Само собой, в ту ночь, в ту беспросветную новогоднюю ночь мы и не помышляли о том, чтобы сохранить тайну от Зои. Да и Дина едва ли заметила, что в дом вошел еще человек. Во всяком случае, на присутствие Зои она не обратила никакого внимания, как, наверно, не видела ни меня, ни Леонида. Дошло ли до ее сознания то, что Зоя рассказывала о твоей маме? Так или иначе, ни назавтра, ни на следующий день она ни словом об этом не обмолвилась. А рассказывала Зоя, что твоя мама прячется в ближней деревне, у некоей Лукерьи Пузыревой. В тот день, 31-го, Зоя отправилась в деревню, чтобы отнести твоей маме немного еды, и хотела сразу же вернуться в город. Но по деревне пронесся слух, что в окрестностях шныряет карательный отряд. Лукерья попросила Зою до темноты переждать с твоей мамой в лесу. Только в полночь Зое удалось выбраться из деревни. Кралась задами, огородами и наткнулась случайно на нас.

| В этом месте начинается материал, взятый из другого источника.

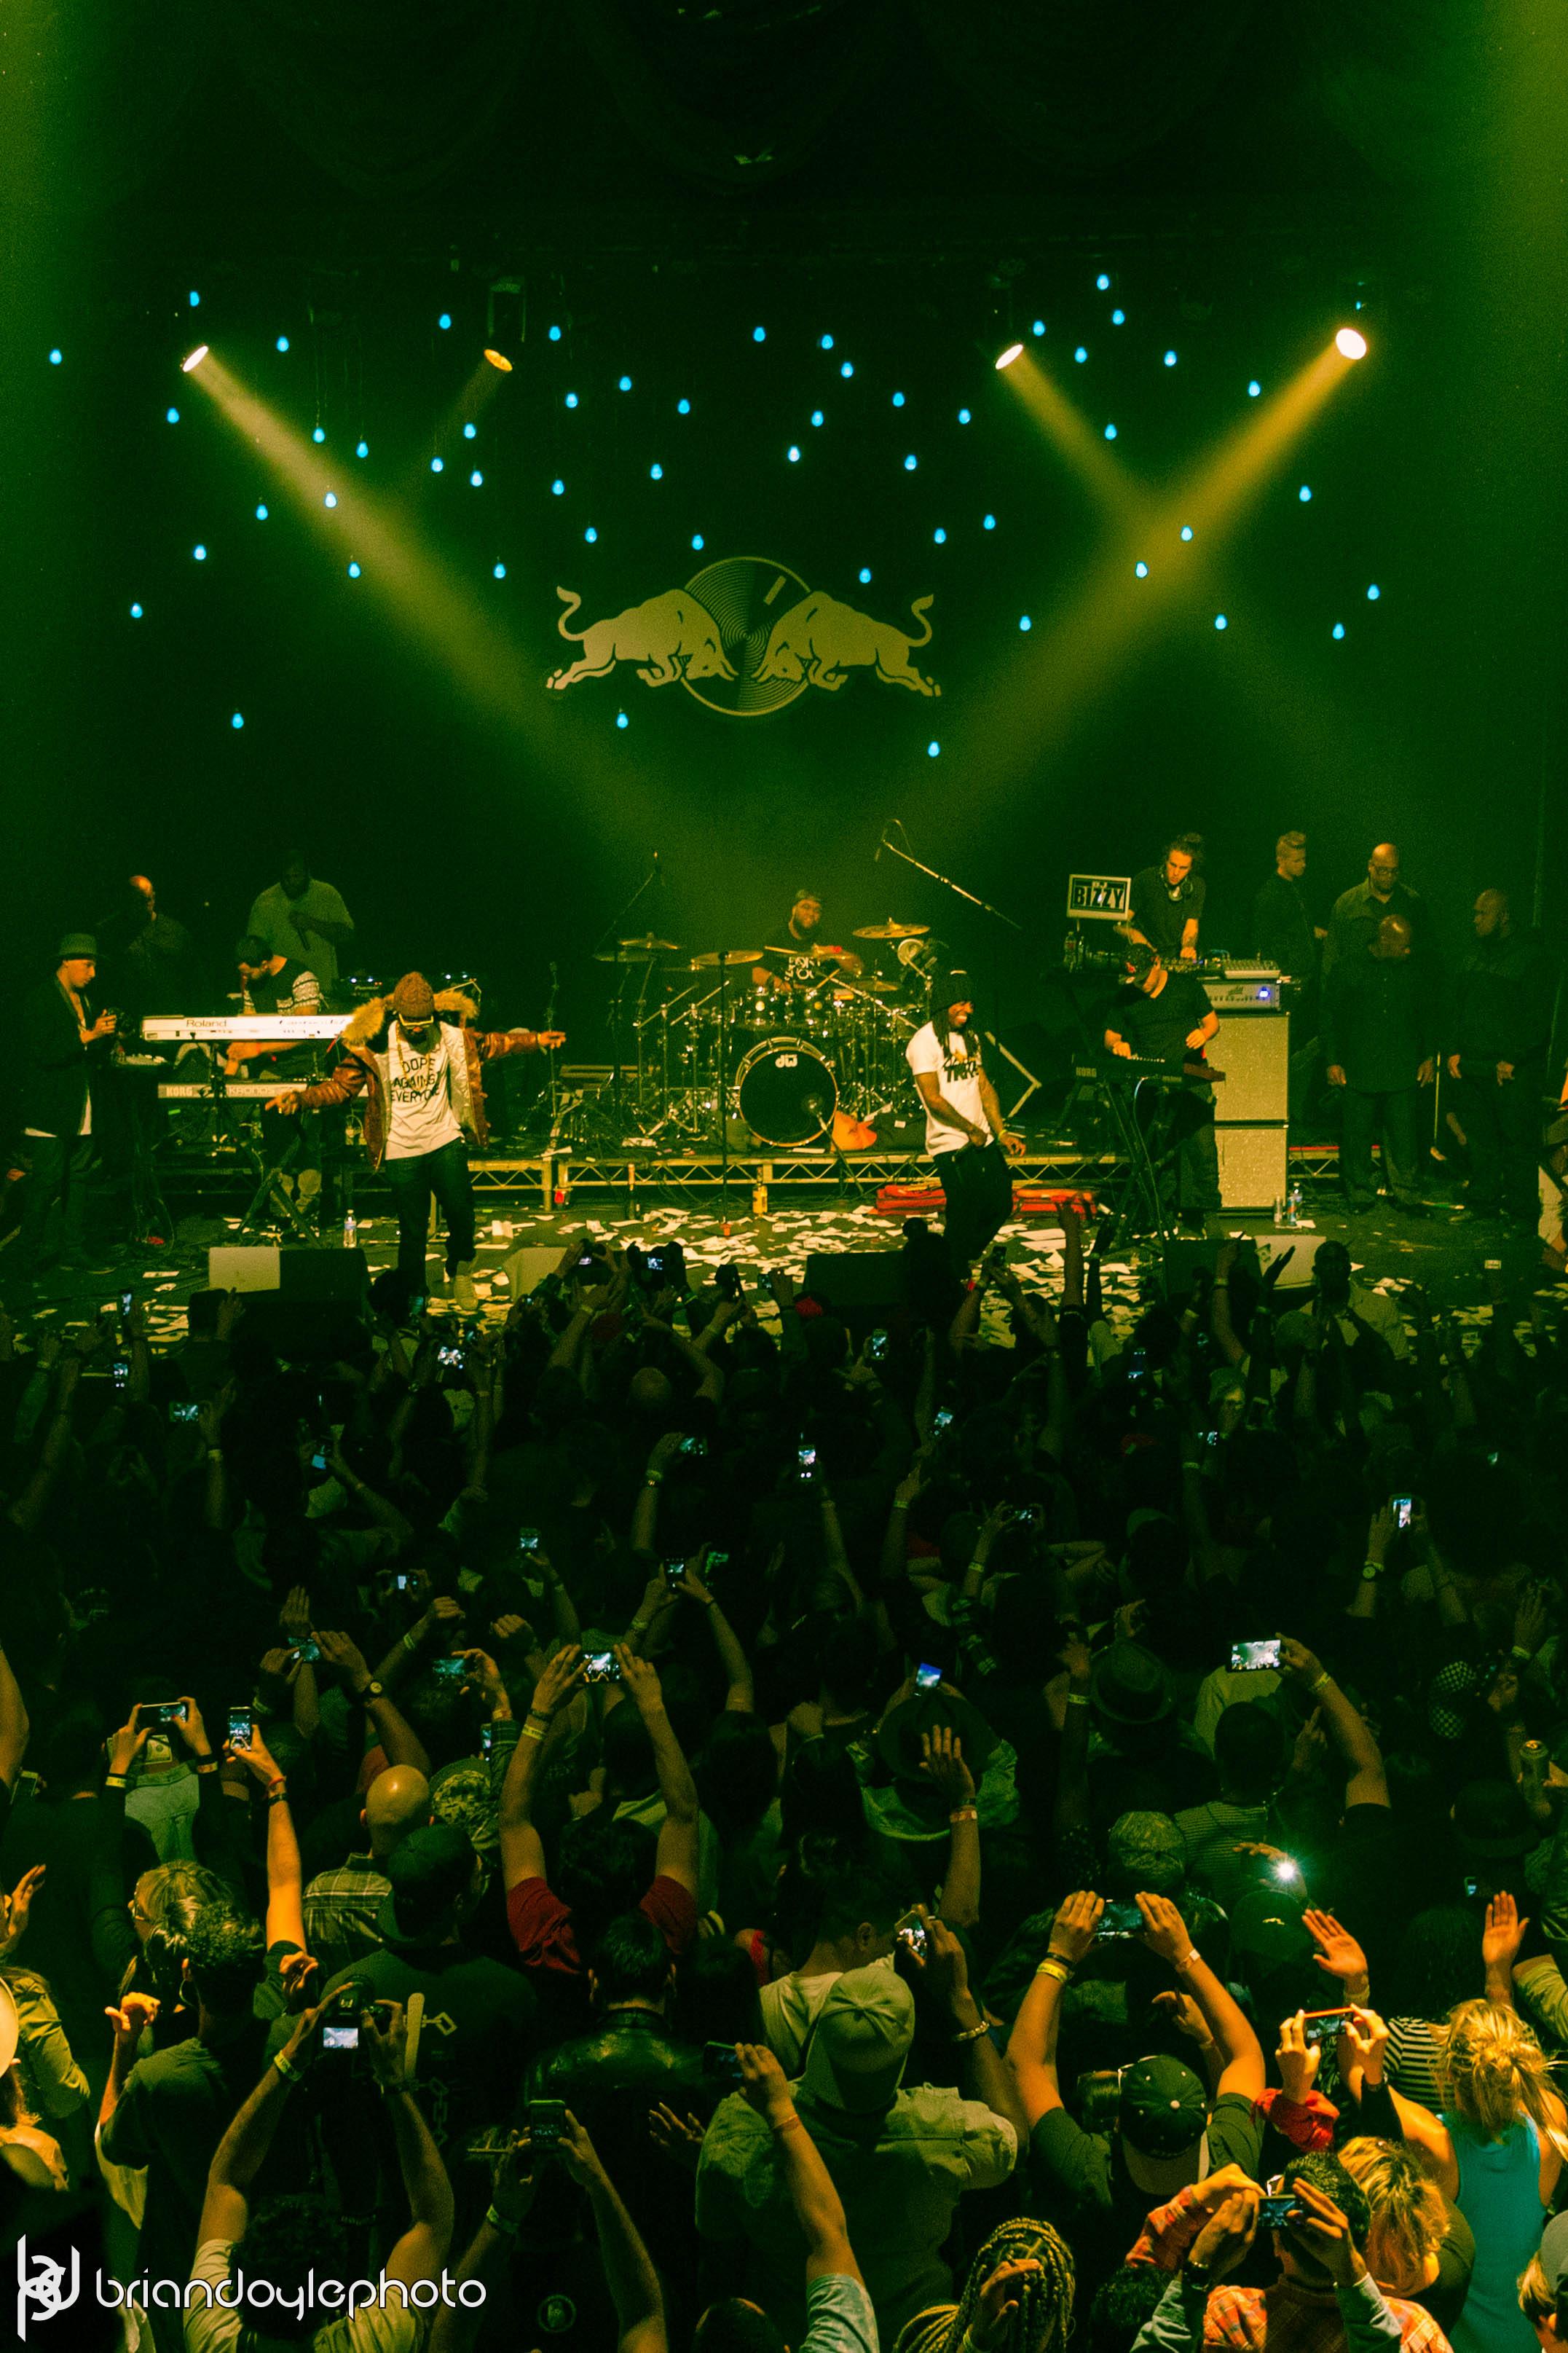 Lil Wayne, Juicy J, Two-9, Tree @ The Fonda 25.11.2014-39.jpg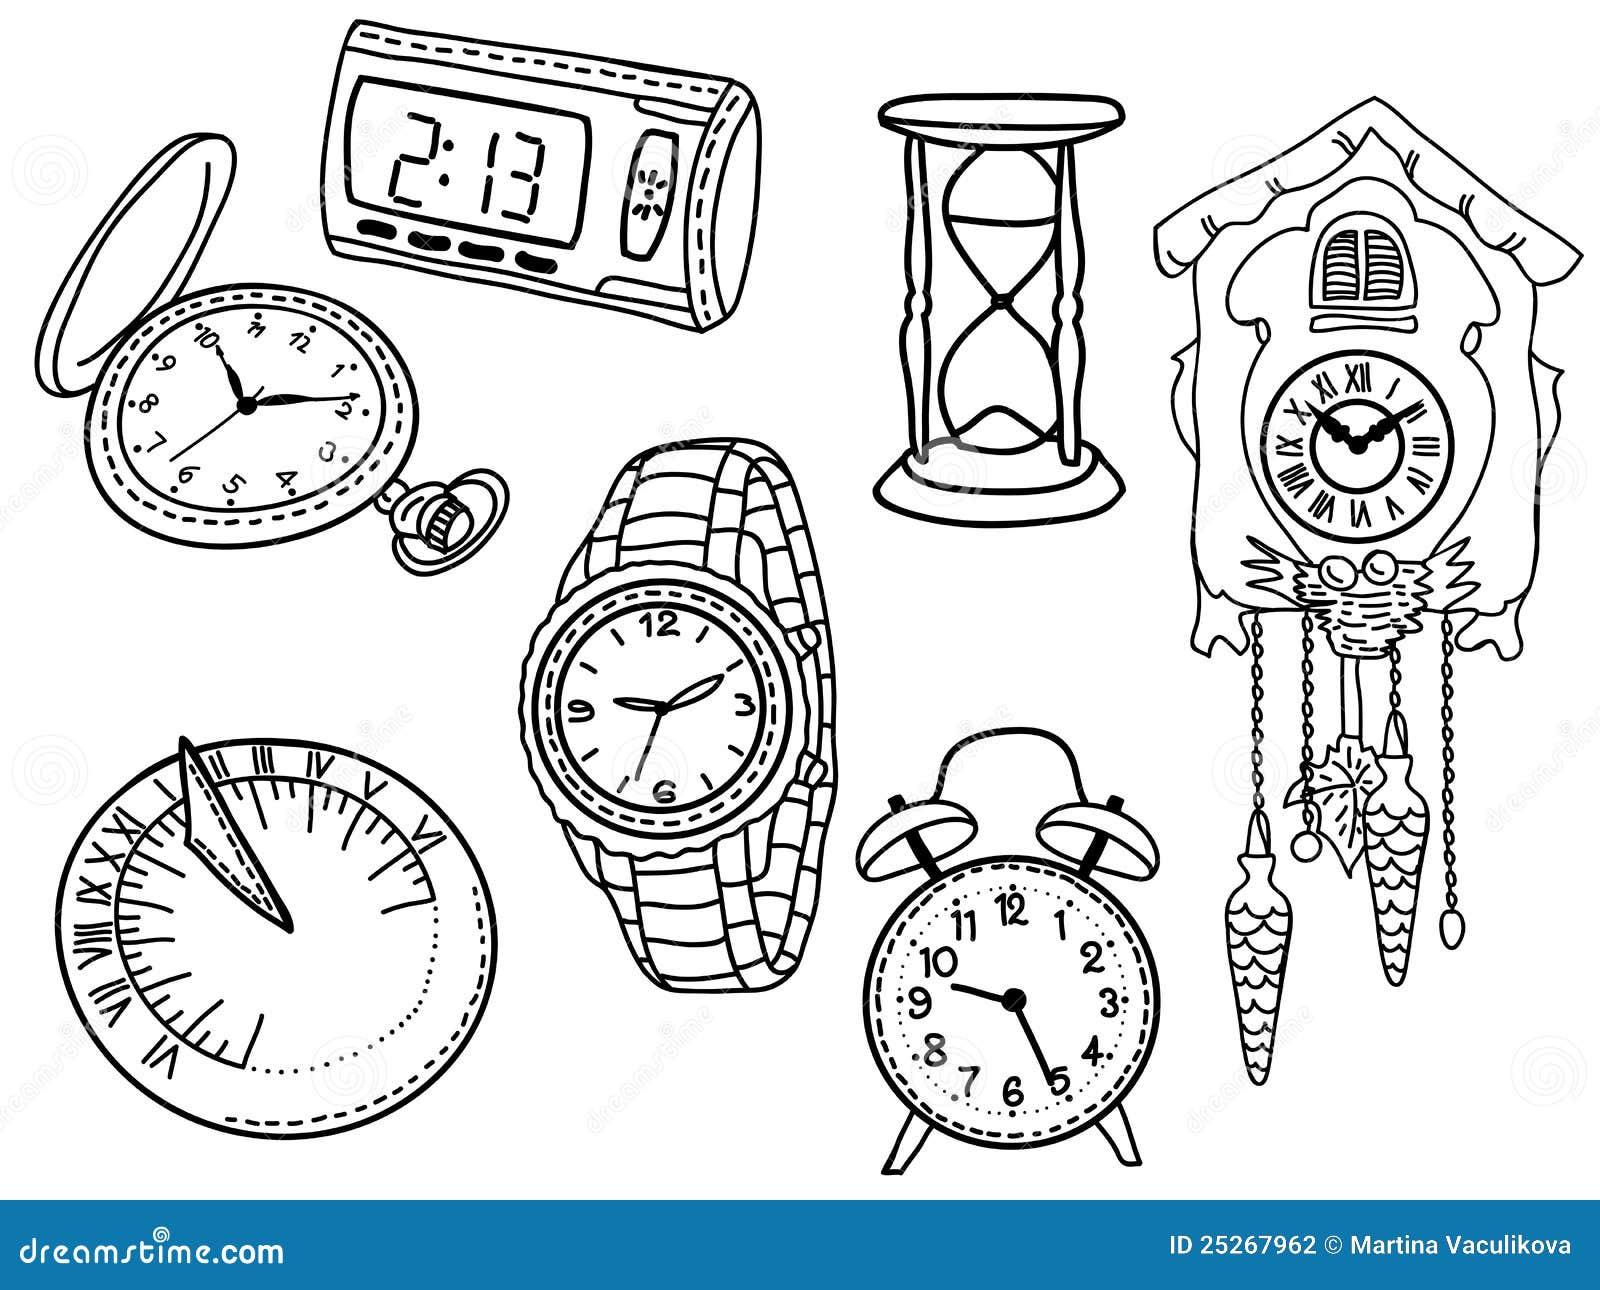 Armbanduhr gezeichnet  Set Borduhren Und Armbanduhren Stockfotografie - Bild: 25267962

На сегодня хватит. Сил больше нет. Завтра продолжу. Трижды повторяешь ты в своем письме, чтобы я тебя не щадила, рассказывала все подробности. Пожалуй, ты прав — знать наверняка не так мучительно, как воображать себе все, что могло произойти. Ты убедил меня, убедил. Я постараюсь выполнить твое желание.
Е. Ч.
15 ноября 1944
Дорогой Борис!
Ты хочешь знать, где мы прятали Дину и Симочку, Наша квартира тебе знакома не хуже своей собственной. Две комнаты, одна из них проходная, и маленькая кладовка, где мы когда-то хранили кадушку с квашеной капустой или заготовленные на зиму огурцы. Недели две Дина и малыш прожили в этой кладовке. Но я видела, что там они пропадут. Холодно, и даже жаровню нельзя поставить. Сквозь щели пробивался бы свет. Я ломала себе голову, как быть, и надумала вот что: Дина и Симочка поселились у нас через неделю после того, как город уже был «Judenrein» [15] . Если они не попались никому на глаза в ту ночь, когда пришли к нам, в комнате им грозит не большая опасность, чем в холодной кладовке. На том и порешили: мы трое заняли проходную комнату, а Дина и Симочка устроились во второй. Их дверь всегда была заперта. Один ключ у Дины, другой у меня. Поверишь или нет, так мы и жили, не мудрствуя лукаво. Дров у нас не было, в доме холод — зуб на зуб не попадал, поэтому плотно притворенная дверь ни у кого не могла вызвать подозрений. Многие семьи, даже имевшие большие квартиры, ютились в одной тесной комнате, чтобы не расходовать тепло. В то время люди редко навещали друг друга. Пирушки устраивали у себя только такие, как Иван Зубов. К тому ж, как ни бейся, ничего надежнее мы придумать не могли. Правда, в случае крайней необходимости одну доску под кроватью Дины можно было приподнять и соскользнуть вниз. Но к этому так и не пришлось прибегнуть. Вполне вероятно, что наш примитивный тайник мог служить нам верой и правдой именно потому, что никто не предположил бы в нем тайника: не подвал, не чердак. Если бы не смерть малыша, которая повлекла за собой еще целую вереницу несчастий, это убежище, возможно, не подвело бы нас до самого освобождения.
15
Чистый от евреев (нем.).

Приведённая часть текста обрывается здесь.